Four Tech Trends to Dominate the Financial Services Industry in 2021

  • Tom Ainsworth, Head of Customer Engagement at Jitterbit

  • 15.02.2021 06:15 pm
  • 2021

Just one month into 2021 and there is no doubt it is going to be another year of continued disruption. Financial companies have been going hell for leather for the past year to meet new changes in customer needs and behaviours, and this pace of innovation is set to continue.

For some, these innovations will have been in the digital transformation roadmap for a long time, and the pandemic was simply the catalyst to kick them into motion. Others however, will have been quick fixes, often delivered by IT teams under enormous pressure and in record time. 

As we embark on another bumpy road ahead, financial institutions need to take stock and solidify new ways of working, while ensuring they are responsive and resilient to the ever-changing business environment. 

Tom Ainsworth, Head of Customer Engagement at Jitterbit identifies four trends already emerging in how IT teams are planning to meet the challenges that undoubtedly still lie ahead. 

  • Embrace low to no-code 

Moving to a low or no code methodology helps an organisation address the everyday tactical challenges that arise in a fast-moving business environment.

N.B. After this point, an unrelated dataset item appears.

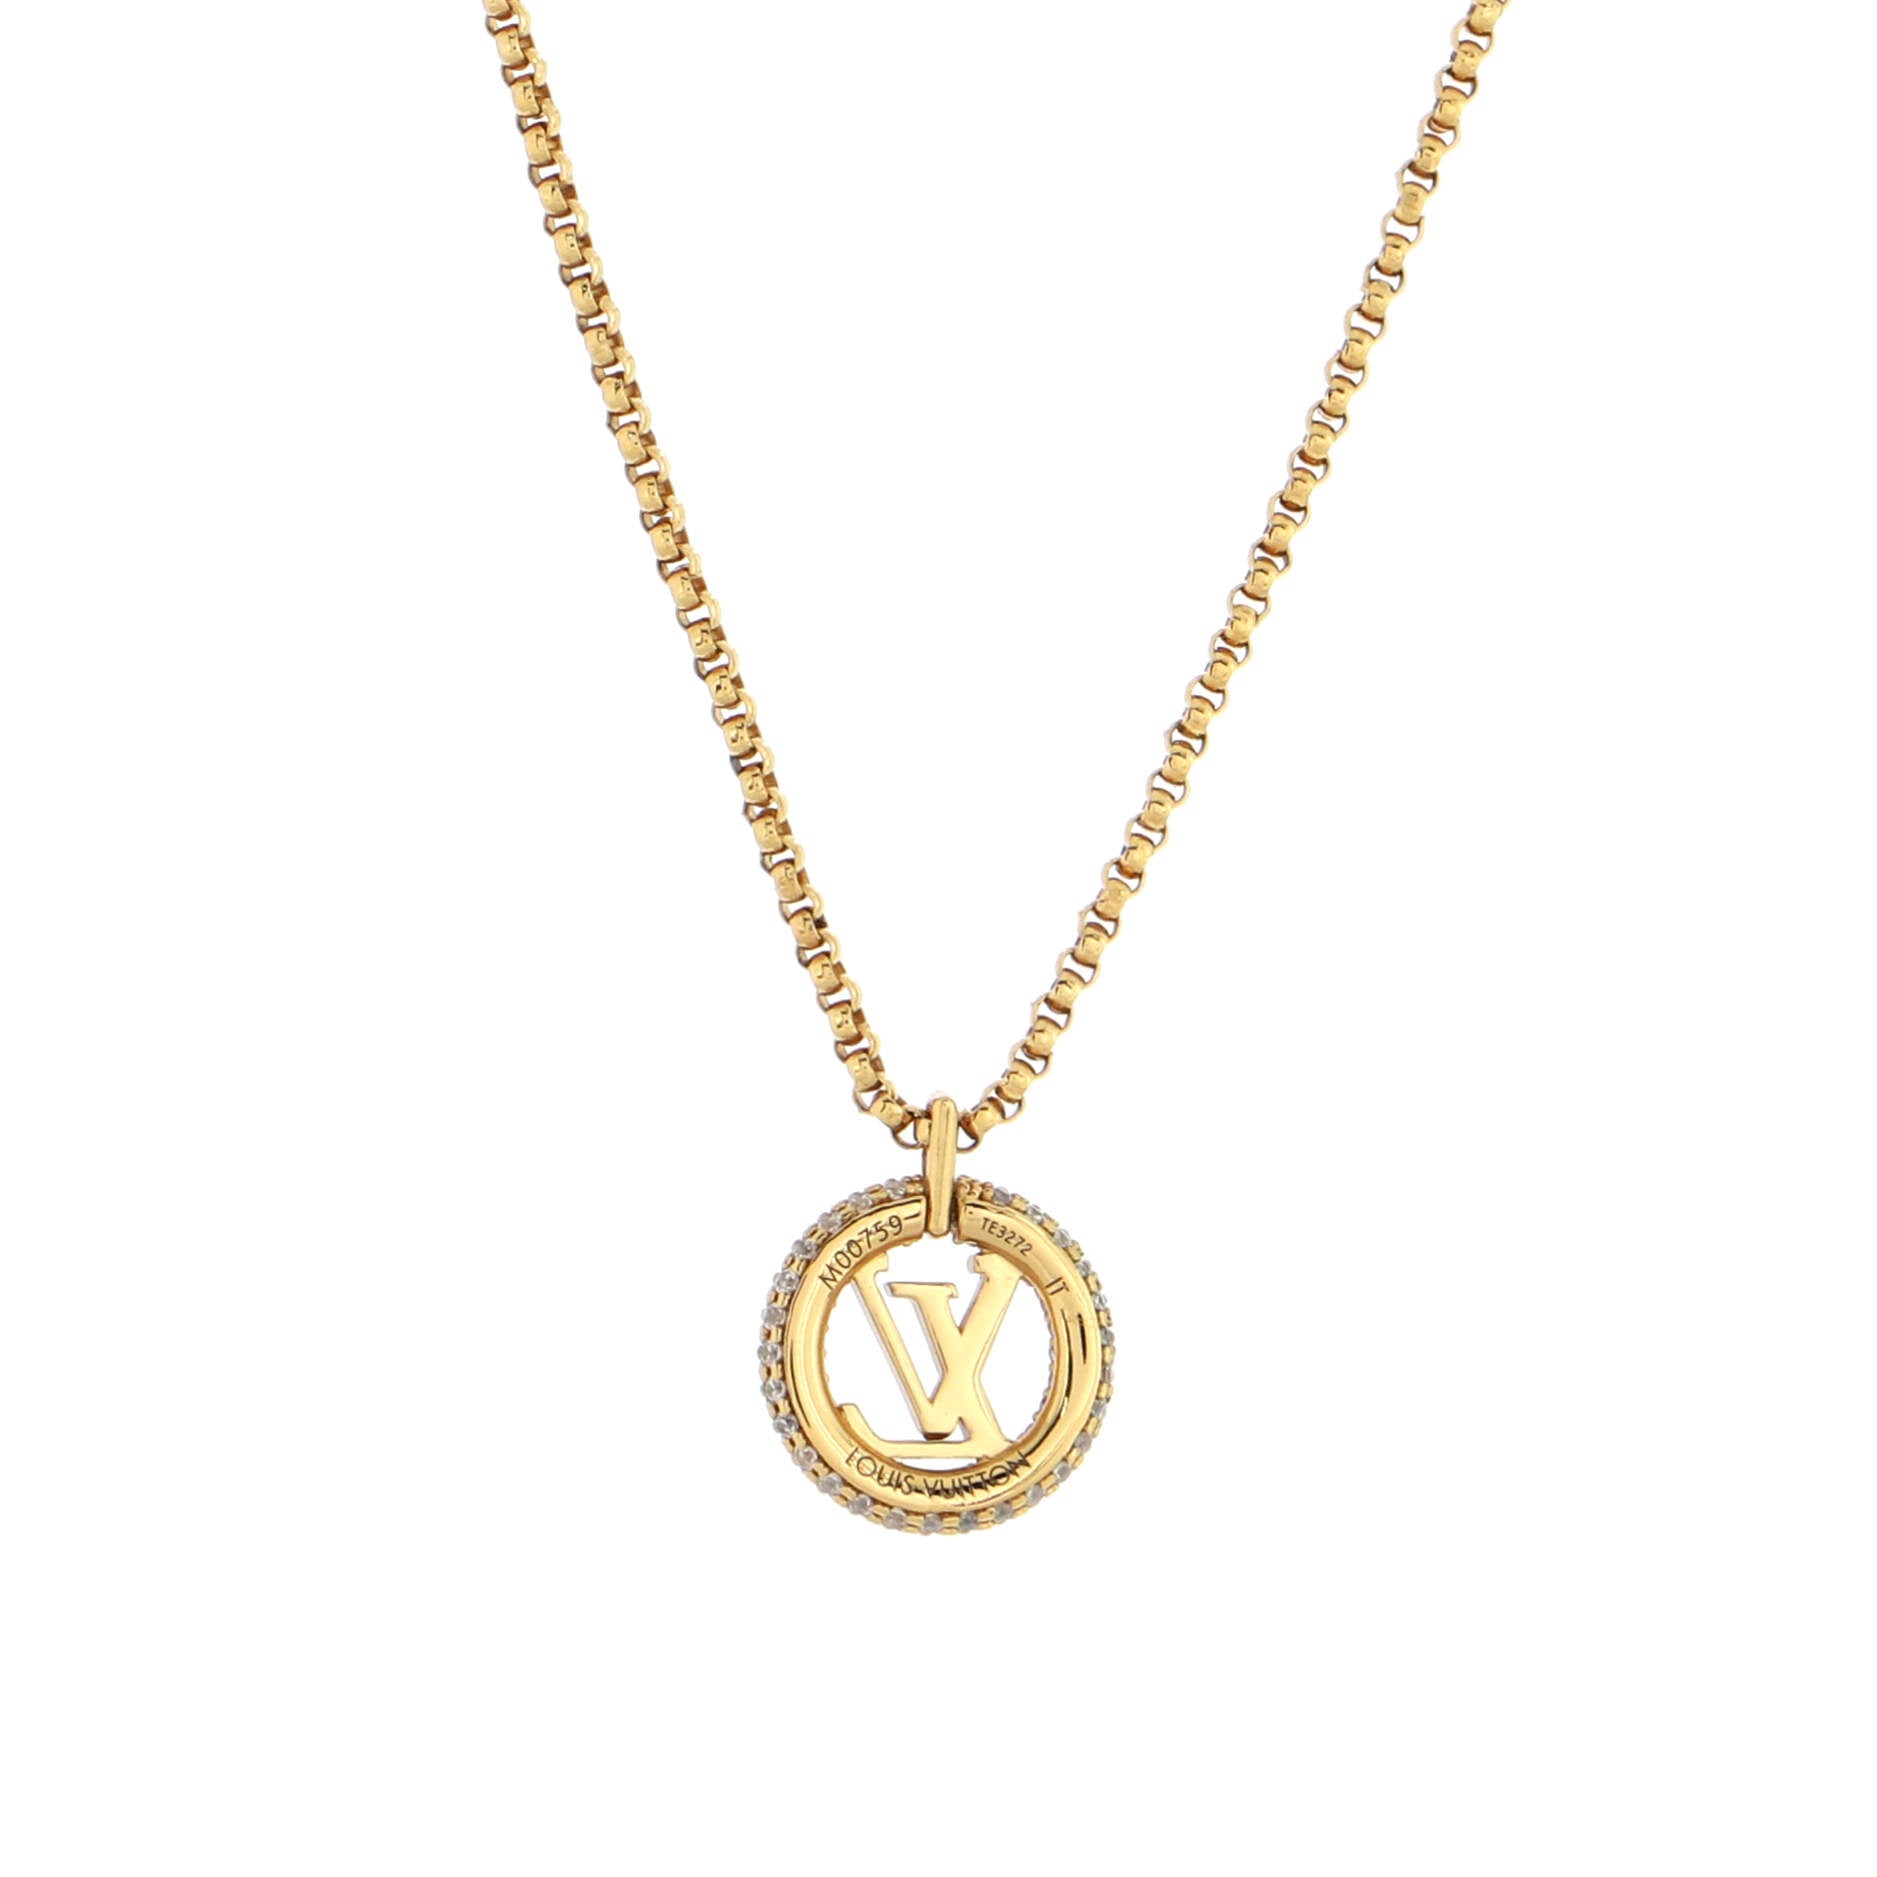 Louis Vuitton Louisette Pendant Necklace - Gold-Plated Pendant Necklace,  Necklaces - LOU723493

Let’s look at the example of a team that has yet to invest in low or no code solutions. They might be using an older, incumbent piece of legacy software, where only one or two developers internally know the tool. When a tactical requirement arises – say, a change to an existing process or workflow – it goes into a backlog until one of the developers who is familiar with the legacy software has availability to custom code a solution. Immediately, there’s a bottleneck in the business. 

Contrast this with a low to no code environment, where these sorts of integrations are ‘plug and play’, often using pre-built templates. Updates and integrations can be managed by business analysts as well as any developer so tactical requirements end up being shipped much faster. And we see how that trickles down through the entire organisation. In the financial services, this is mission critical because there’s a high dependency on delivering on the promised customer experience and maintaining customer confidence. People often ask me when’s the right time for them to invest in low code. My answer is assume you need low code solutions, don’t wait for red flags in the business. 

  • Shed your technical debt

Oftentimes, IT teams will respond to a red flag in the business with a quick fix – something which typically incurs an amount of technical debt. A bit of custom code or a work-around process which an individual on the team hacks together, usually under pressure of time. And, in a team without a low code culture, this can seem a reasonable way forward. But in six months’ time, when that employee leaves, the knowledge about that fix leaves too. Suddenly there’s a black box in the business which now needs ever more quick fixes to work around, accruing yet more technical debt. 

At Jitterbit, we recently onboarded a new customer from the financial services. It’s a challenger bank where this kind of hidden technical debt suddenly became apparent during the pandemic’s first lockdown. Calls to their call centre increased and it transpired that several ‘fixes’ in the business could not scale to meet demand. The technical debt they’d accrued over time had to be paid back immediately and without warning.

  • Start becoming vendor neutral

Organisations in the financial services are, in the main, on board with the need to become more vendor neutral. Contrast that to ten years ago, when CTOs wanted monolithic partners who could provide hardware, software and services in order to remove the integration complexity of having multiple vendors in play. 

In a sense, the monolithic approach did the job. But in return for greater operating simplicity, buyers had to accept a “middle of the road” type standard of tools and services – and less ability to respond quickly to changes in their business environment. With the rise of integration platforms and pre-built templates, CTOs today no longer have to make a choice between the quality of their solutions and the complexity of managing them. Integration platforms are like a connective layer on which to build. Having this foundation means it’s simple to integrate multiple best-of-breed vendors and manage hundreds, even thousands, of API connectors. This is the key for any financial organisation wanting to stay competitive, responsive to customer needs and resilient to change. 

  • Get ready for hyperautomation 

The way we work is changing. Increasingly, organisations are realising that to stay competitive, any task within the business that could be automated should be automated. This creates significant new efficiency gains within the business while at the same time liberating people to focus on more innovative or customer-orientated tasks. Being able to deploy ever greater automation requires the right technology foundations within a business. 

At its heart, hyperautomation is about data and removing manual processes in the way an organisation gathers, analyses and deploys data. Every hyperautomation tool box will therefore need to include Robotic Process Automation (RPA) solutions which enable the automatic processing of data. Data Lakes, Data Integration Hubs and Virtual Data Warehouses will help organisations store and process data into information. Analytic tools will allow information to be turned into knowledge, ready for action at every level of the business. 

By coupling these technologies with an integration platform-as-a-service, technology leads within financial organisations can focus on choosing the best-of-breed suppliers for their particular needs rather than how they need to be integrated. Hyperautomation now makes a 360 degree view of the whole business not only possible, but requisite. Much like the move to digital 25 years ago, the companies that embrace hyperautomation first will be at a distinct ‘first mover’ advantage, seizing a vantage point which could prove hard for competitors to assail.